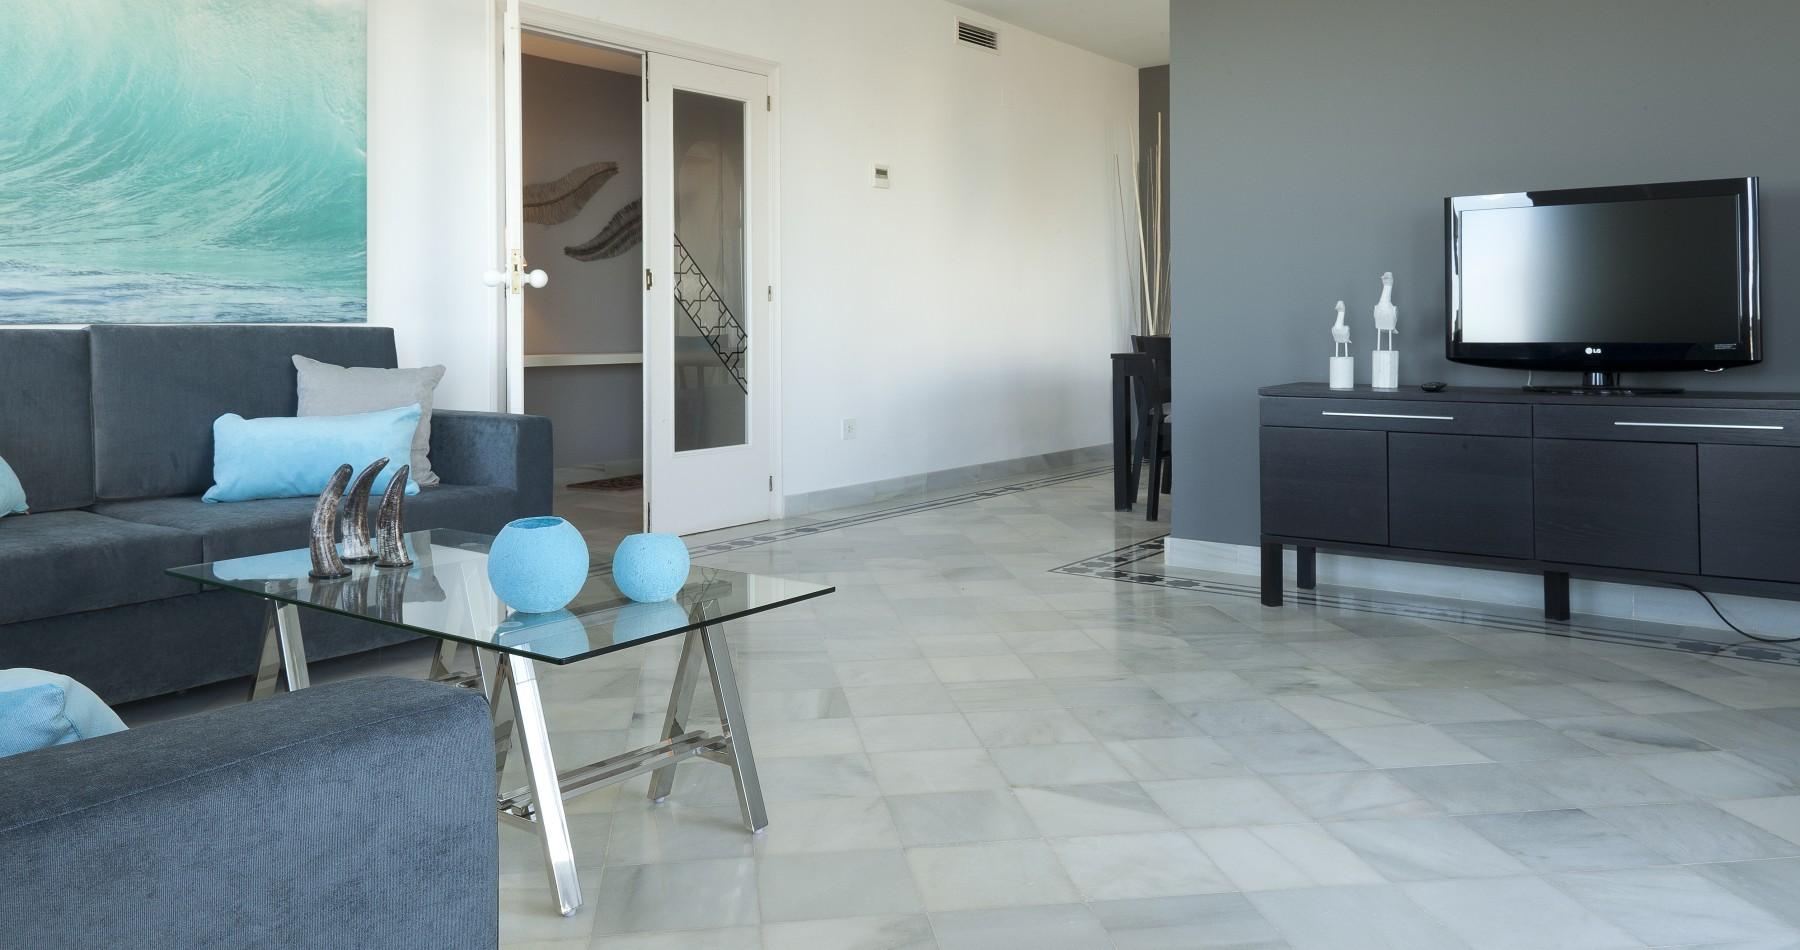 Apartamentos en denia 106 playa dorada j 1 - Denia apartamentos alquiler ...
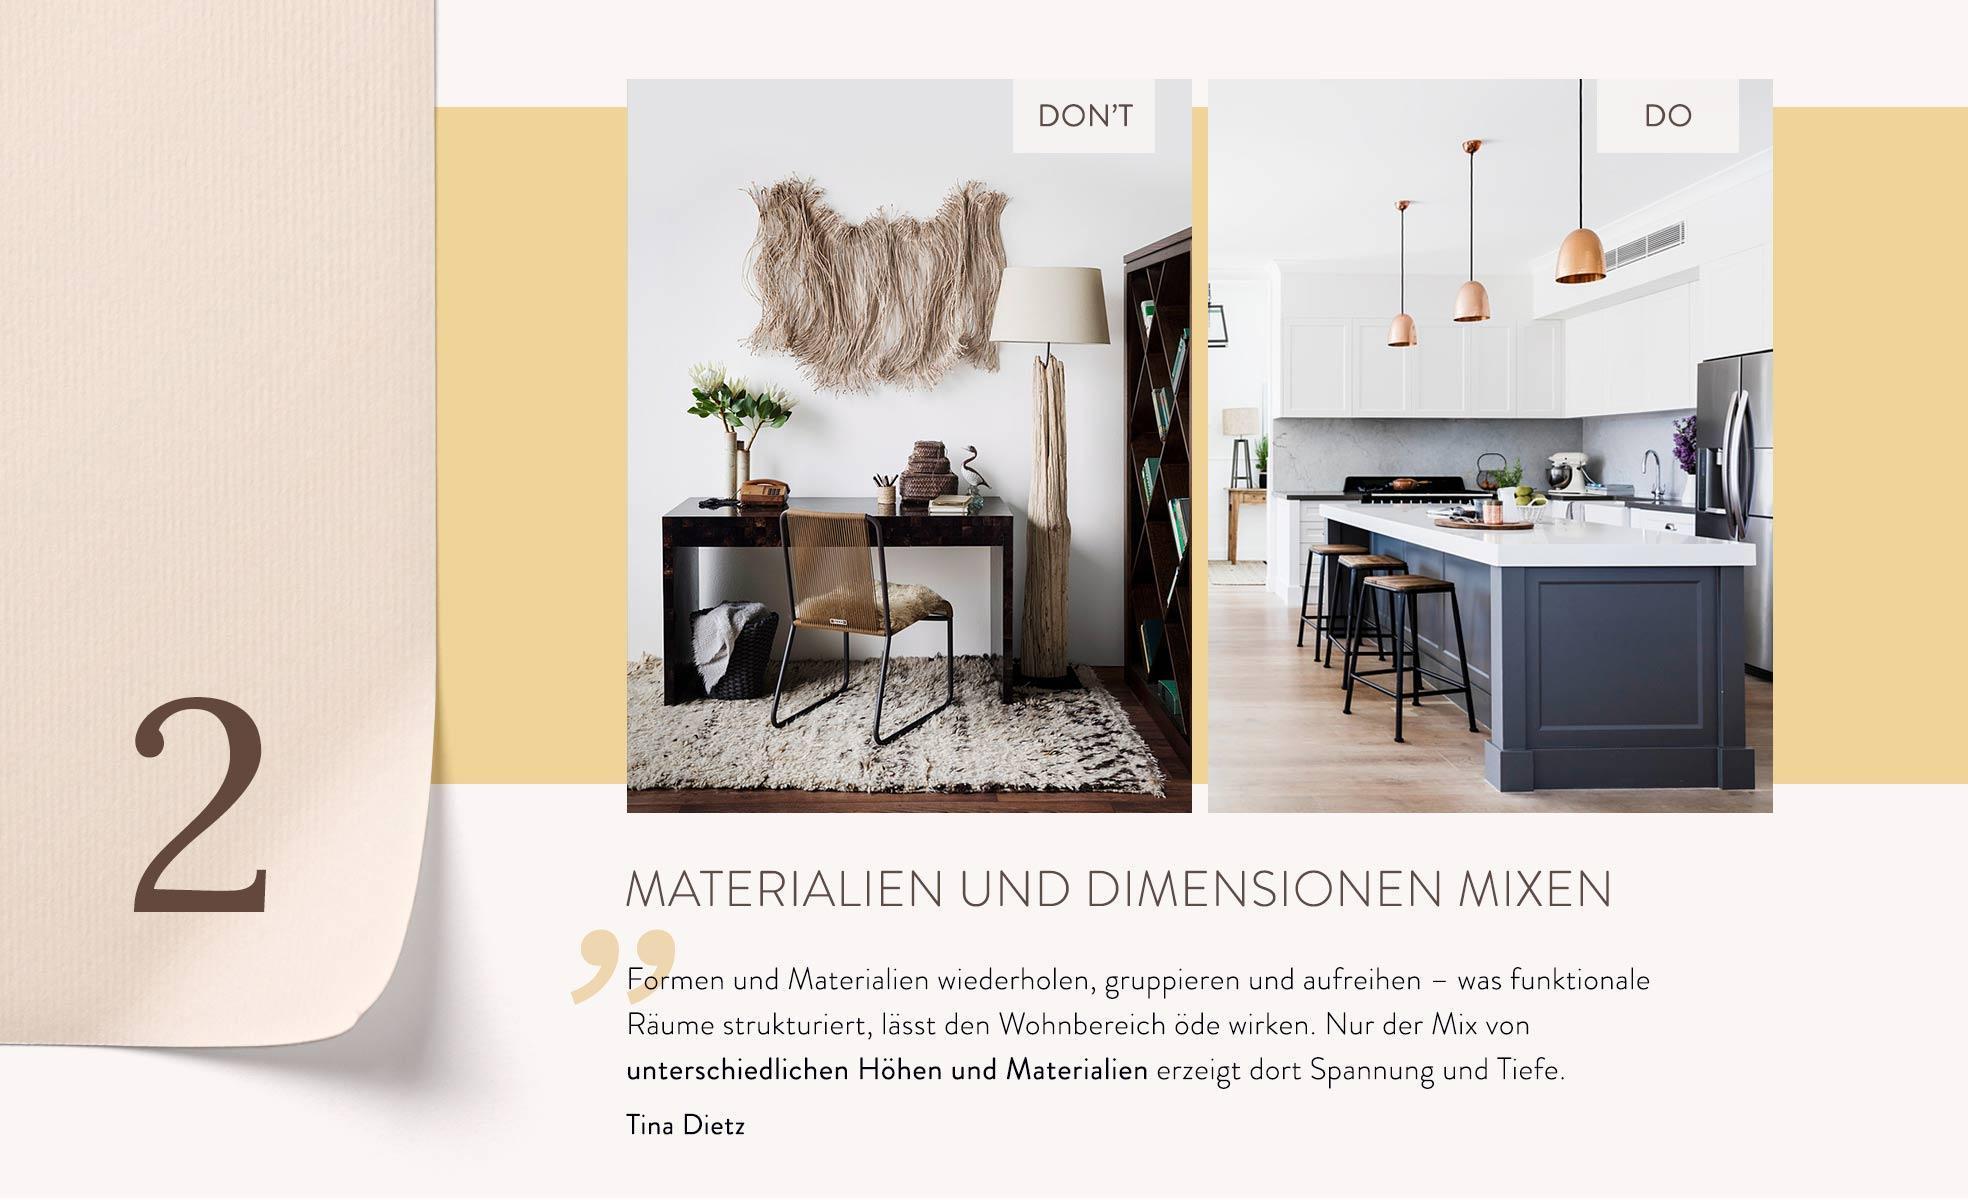 Wohnungseinrichtung Tipp 2 Mix von Material und Dimension
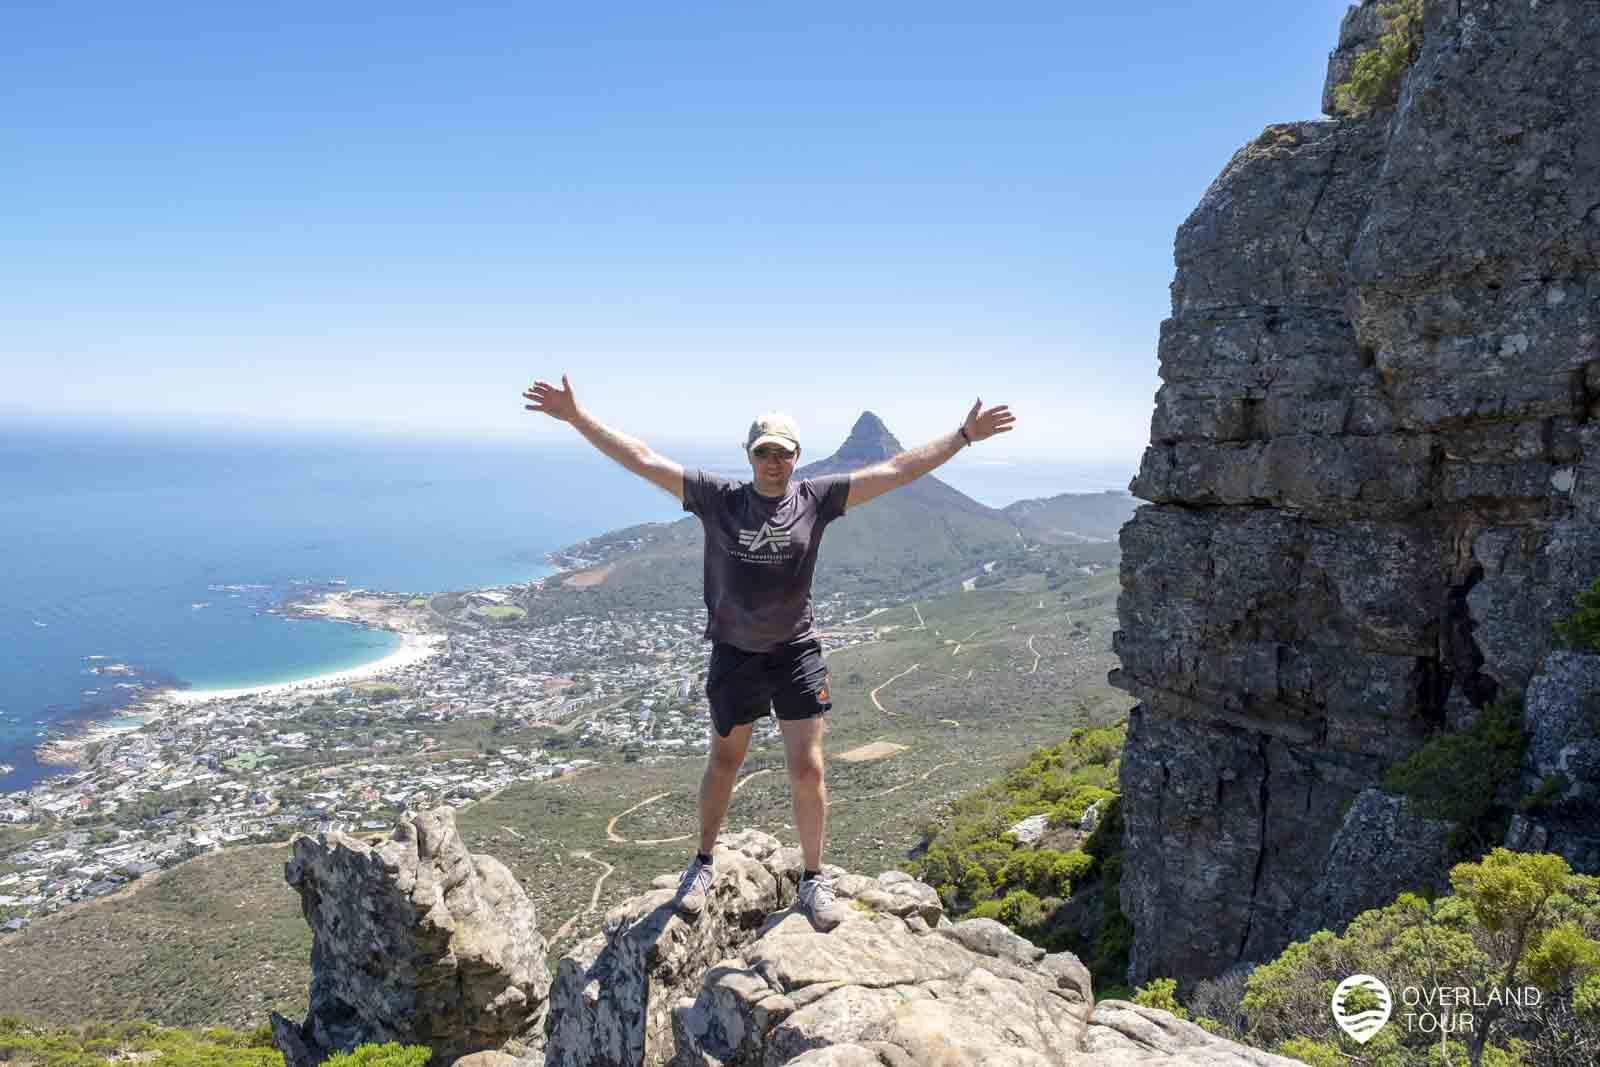 Kasteelspoort Wanderung – Der Tafelberg in Kapstadt ruft

______________________________

Task requirements: Give the data again exactly, without pictures.

Problem solution:
 Apartamentos en denia 106 playa dorada j 1 - Denia apartamentos alquiler ...
 Wohnungseinrichtung Tipp 2 Mix von Material und Dimension
 Kasteelspoort Wanderung – Der Tafelberg in Kapstadt ruft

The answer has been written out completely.